Федосья хотела сказать, что нынче и таким рады, но промолчала: зачем обижать хорошего человека?

— А ты знаешь ли мои-то годы? — спросила она у Кости.

Он кивнул головой.

— Смотри, я свои годы не скрываю…

Он опять кивнул головой, волнуясь оттого, что она так быстро дала согласие.

Настя бодро вскинулась:

— Ну, так по этому случаю…

Выпили. Федосье сразу ударило в голову: ой, не поторопилась ли она? Не насмешит ли людей? Жениться ведь недолго, да бог накажет: долго жить прикажет. Хотя… долго ли? Костя вон, видно, опасается за себя. Да и ей сорок лет. Про нее Настя уже все высчитала: одного ребенка родишь, на ноги его поставишь, а на второго и не замахивайся — не успеть. Конечно, не успеть. От Тиши вон и то не успела. А ждала, ждала от Тиши ребеночка. И старики ее понукали, хотелось понянчиться с внуками. Да, видать, не судьба. Не гадала чего, то и случилось. Ходила Федосья на реку белье полоскать — а беременная была, — поскользнулась на льду — и все, выкидыш. Маменька-покойница места себе найти не могла: да как же так, да зачем ты, Федосья, пошла, я бы, говорит, у колодца в корыте выполоскала… А сама уж из дому не выходила, ведра-то из колодца не вытащить…

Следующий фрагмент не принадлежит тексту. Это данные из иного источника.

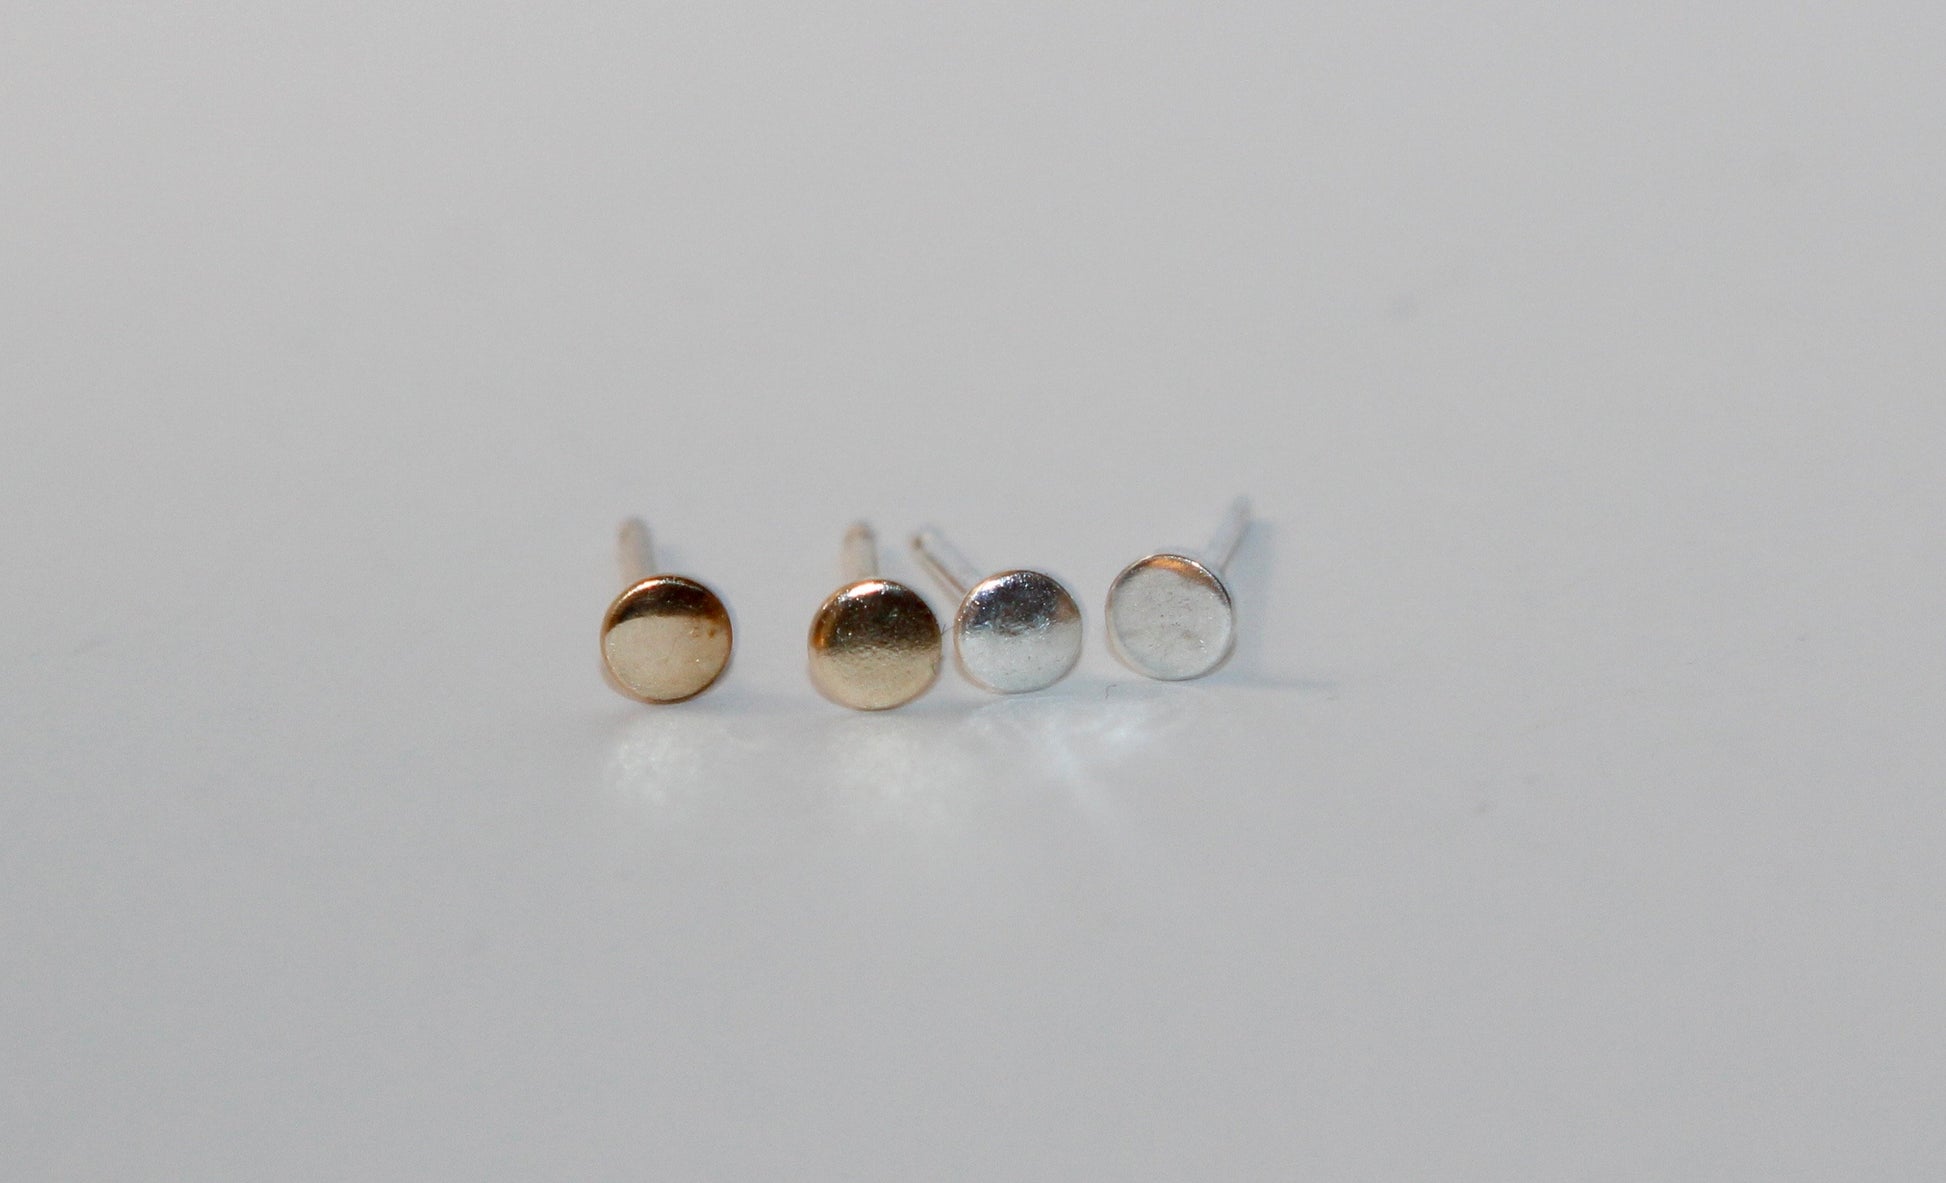 Tiny Dot Stud Earrings available in 14k Gold Fill and Sterling Silver

Настя вывела Федосью из оцепенения:

— Ты не горюй, девка, хуже, чем у людей, не будет.

— Будет, не будет… не угадаешь…

— Работа у него хорошая, налоговый агент, на зарплате заживете! У тебя трудодни, у него деньги… Пить не пьет. Курить фершала не велят…

Известное дело, сватать — так хвастать.

Федосья согласно кивала головой:

— Да, да, конечно… Только уж давайте тогда по всем правилам. У меня мама и тятя живы, схожу к ним, посоветуюсь.

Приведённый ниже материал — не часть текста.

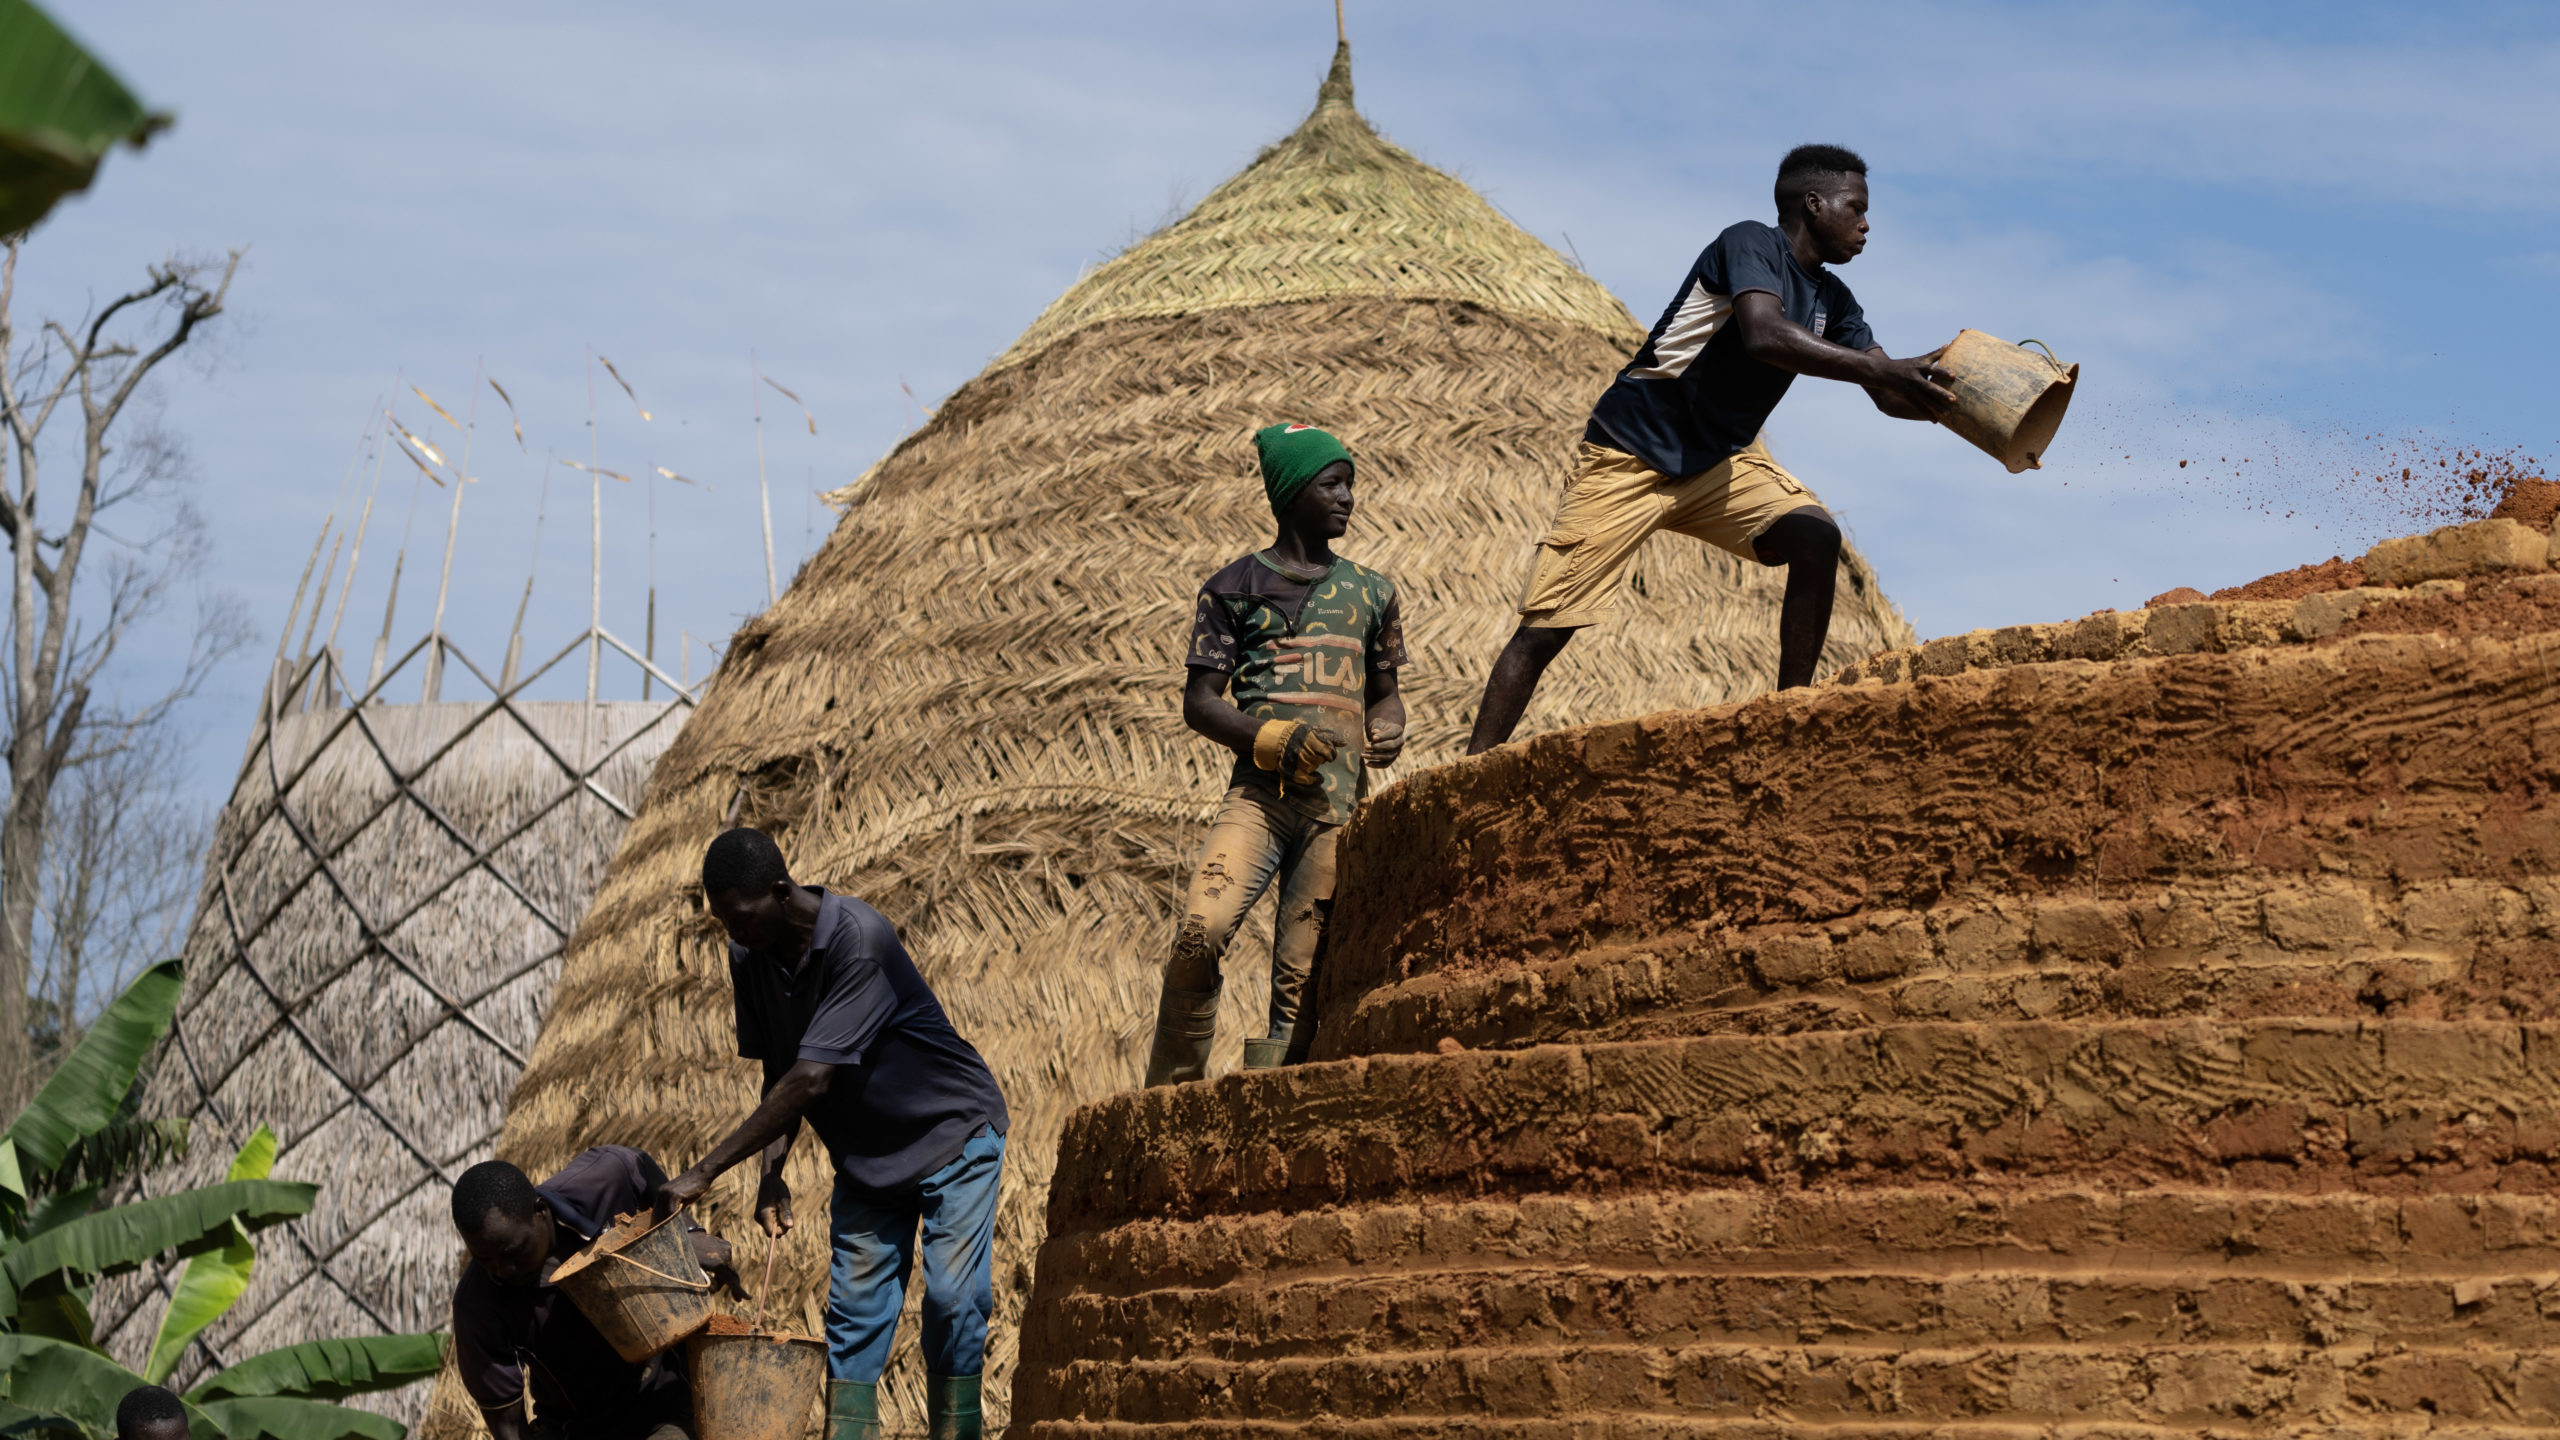 Crews work to build a Warka Tower, which captures condensation to provide clean water

Так и договорились: Федосья сходит на Николину гриву, поговорит со стариками, а потом даст знать о своем решении на Выселки. Провожая нежданных гостей, она еще раз напомнила:

— Так смотрите, я своих годов не скрываю…

Они оделись, взяли фонарь и вышли.

Федосья прильнула лбом к оконному стеклу. На улице было темно, хоть глаза выколи. Федосья с трудом разглядела, как жених со сватьей вывернули по тропке на дорогу. «Чего же они фонарь-то не зажигают?» — удивилась она. И, будто послушавшись ее, Костя чиркнул спичкой — Федосья увидела пятно света на серой шинели. Ветер погасил спичку. Костя чиркнул еще раз, укрыв огонек полой шинели, — и вот уже фонарь заколыхался над дорогой, высвечивая на снегу круг — казалось, что брат и сестра были без ног, что шинель и полушубок плыли по сугробам самостоятельно.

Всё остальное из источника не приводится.